What this task involves -> Every line from the one with "Scie sauteuse pendulaire" through the last line below should be repeated exactly; pictures stay out of the copy.

Given information ->
··········

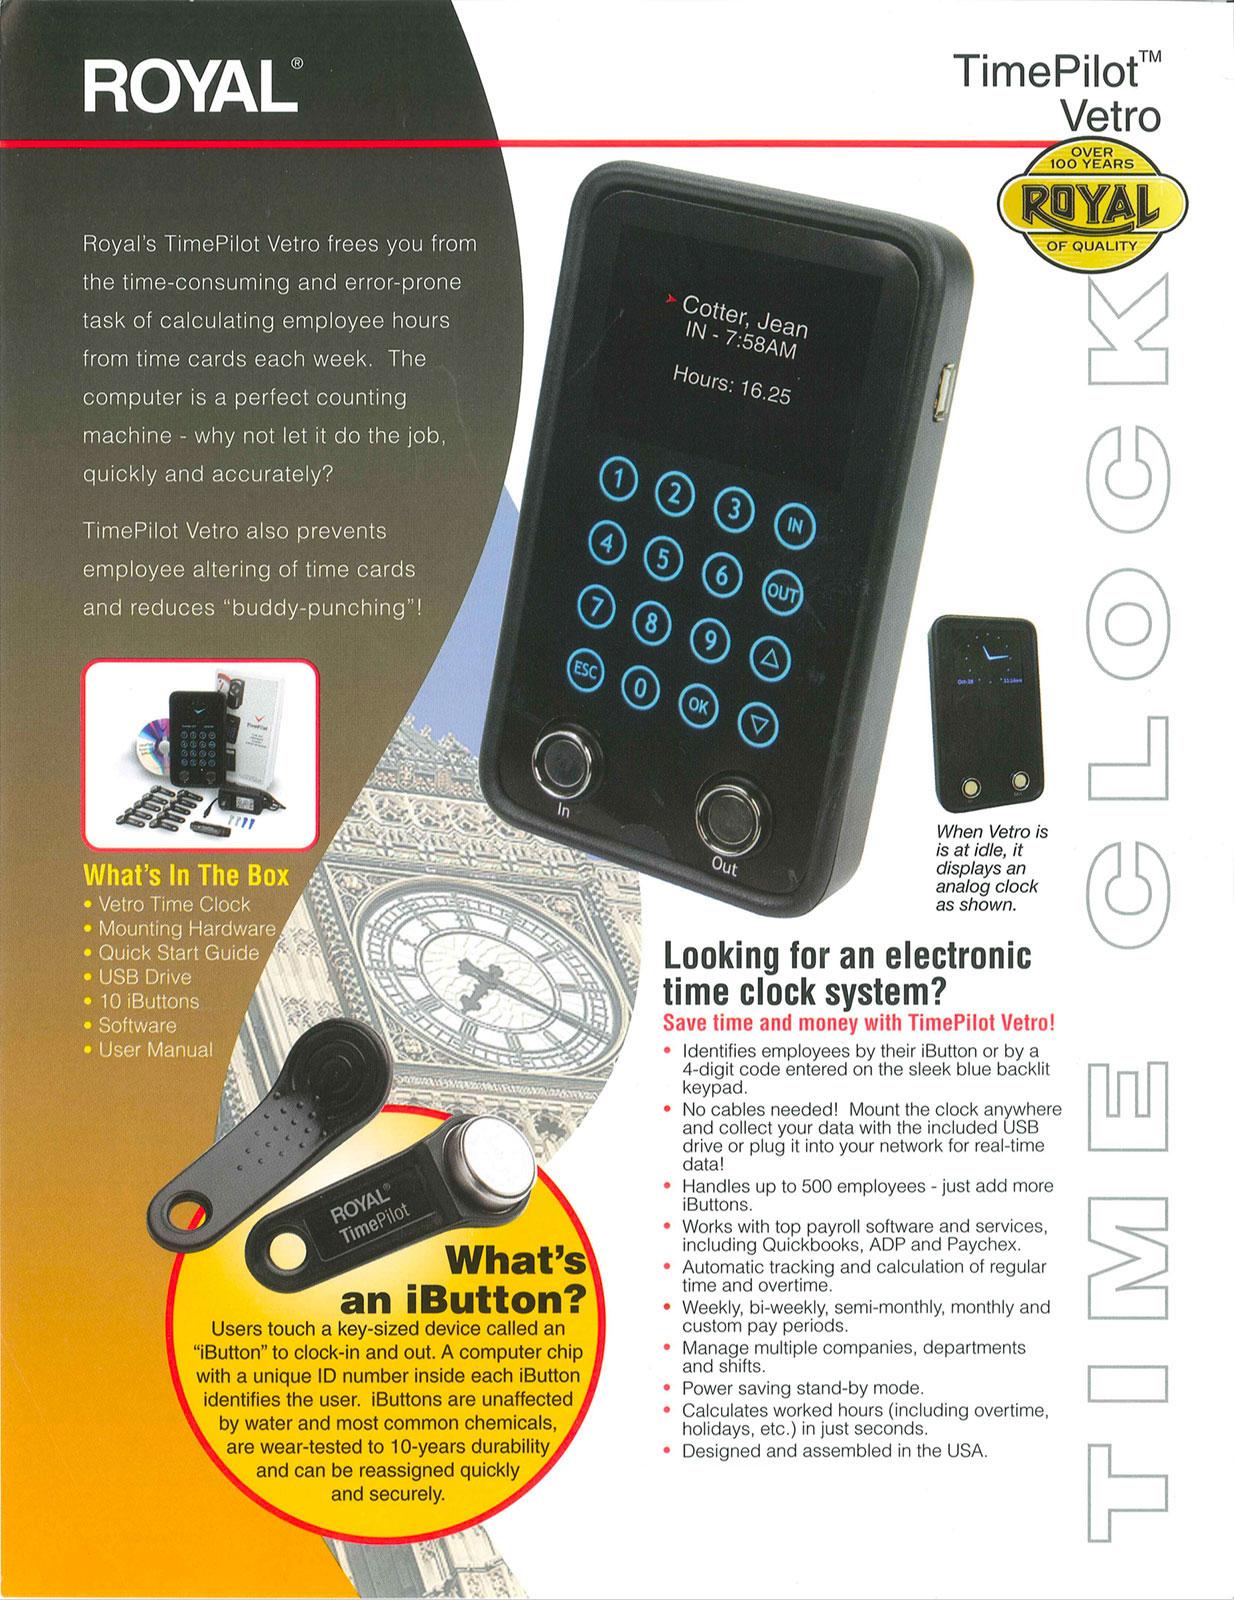 TimePilot Vetro
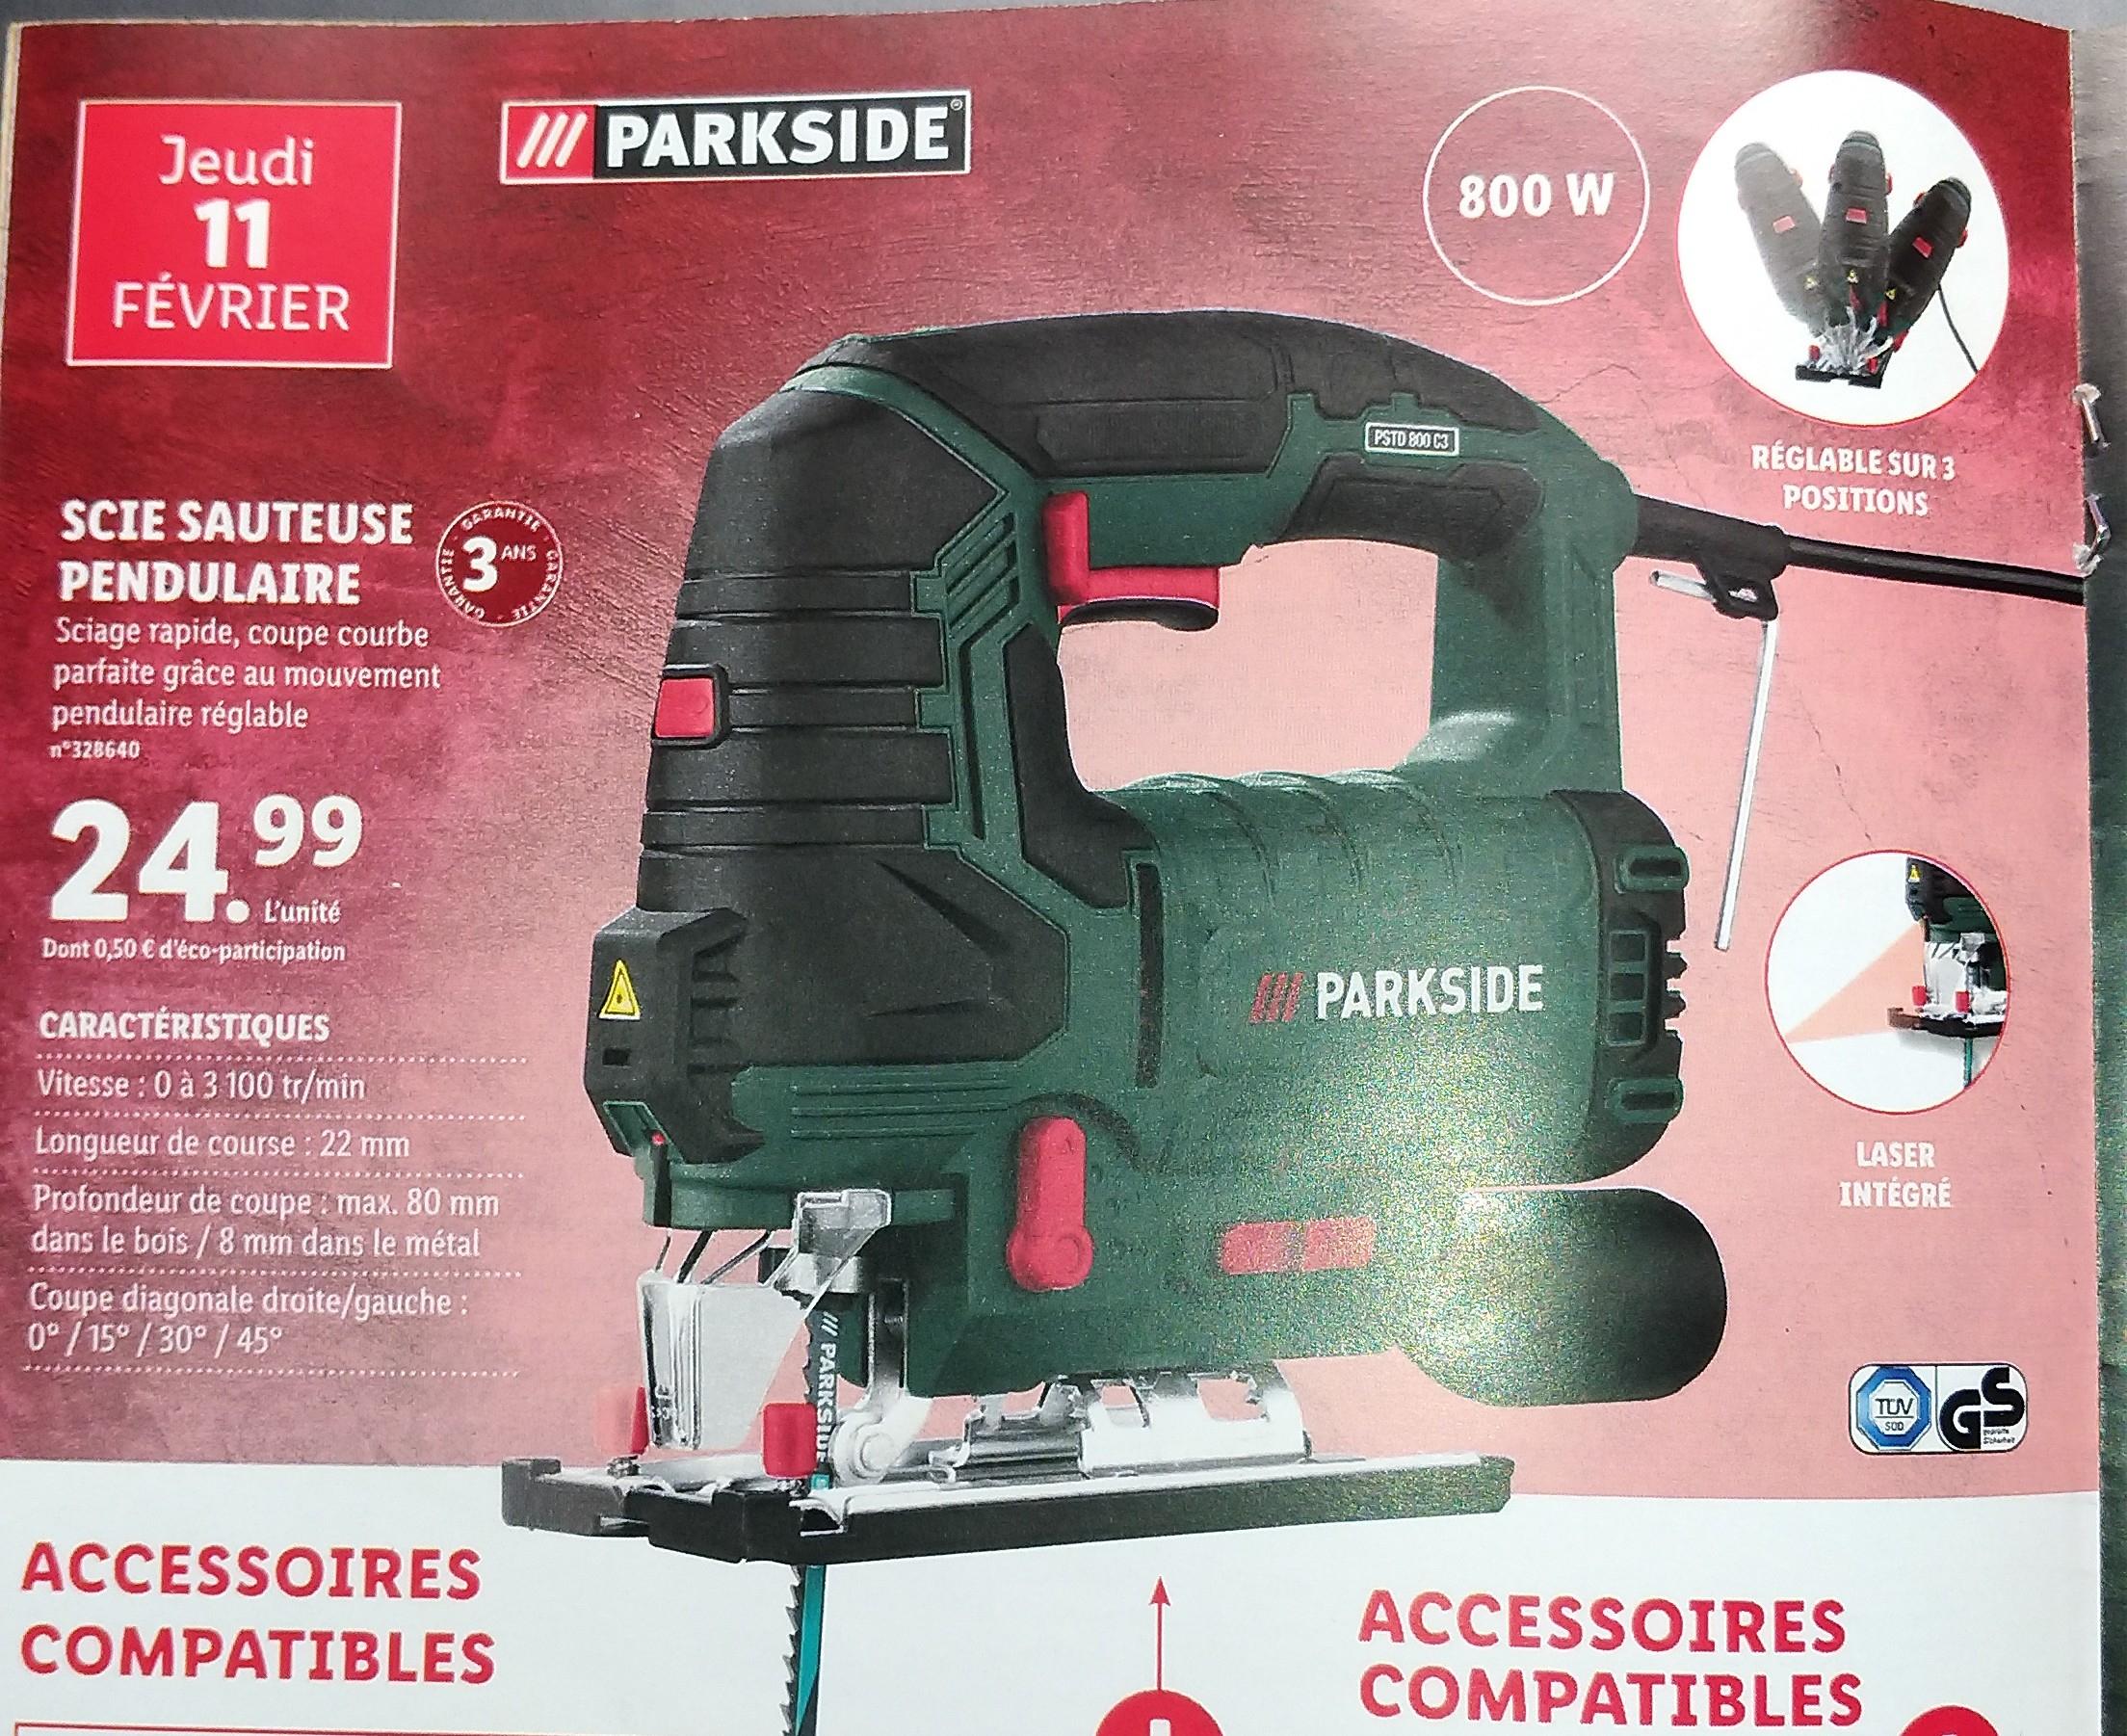 Scie sauteuse pendulaire ParkSide PSTD 800 C3 - 800 W
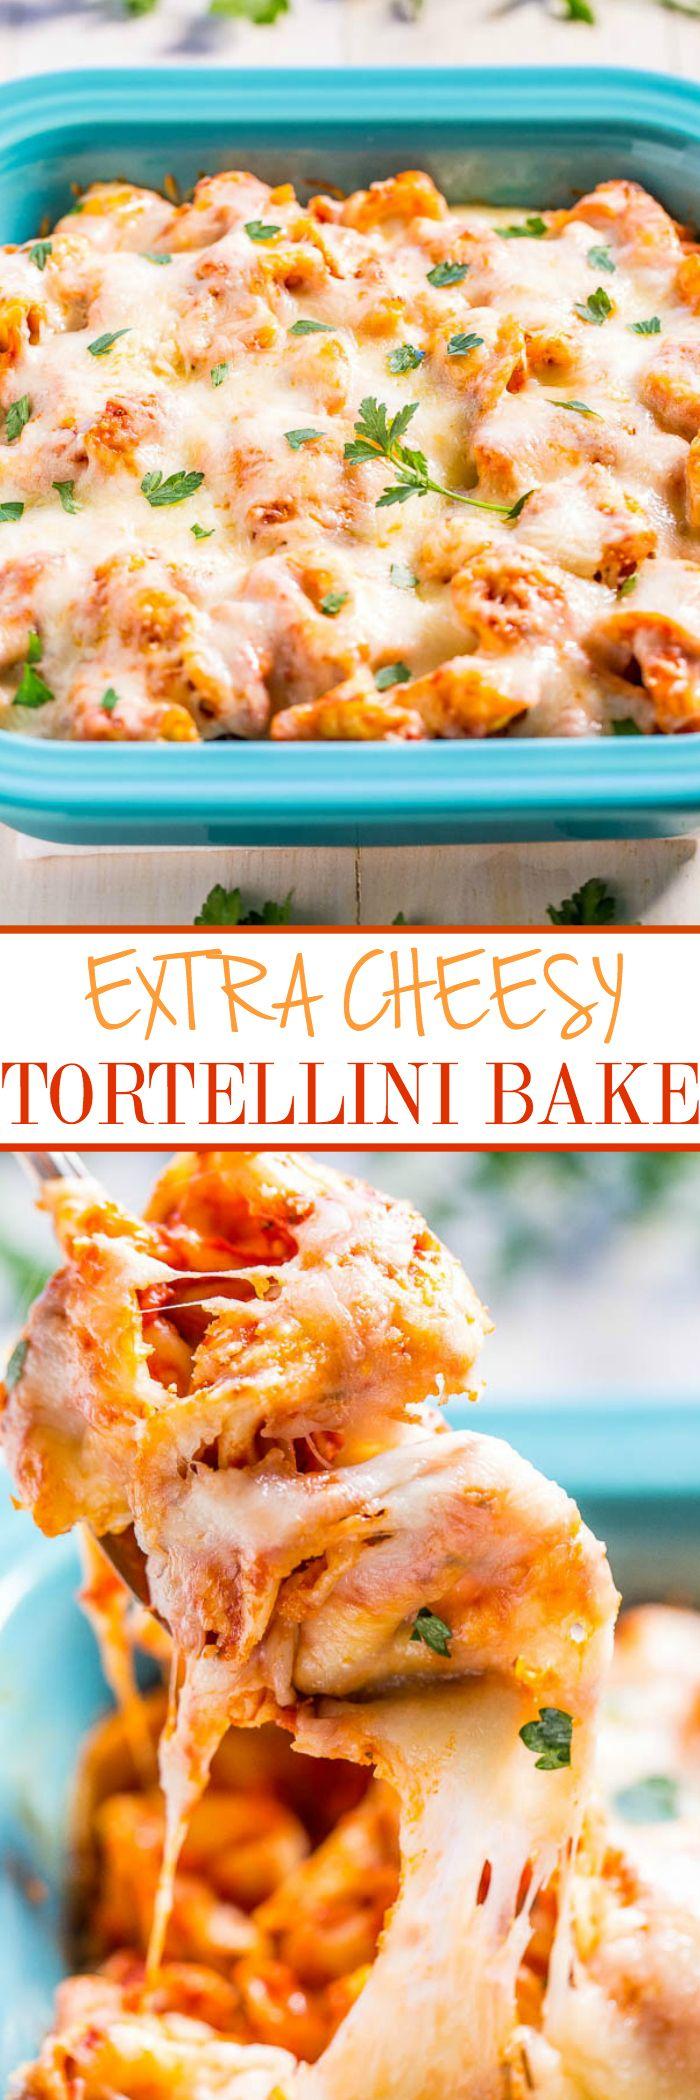 Extra Cheesy Tortellini Bake

··········

Answer to the exercise ->
 Scie sauteuse pendulaire ParkSide PSTD 800 C3 - 800 W
 Extra Cheesy Tortellini Bake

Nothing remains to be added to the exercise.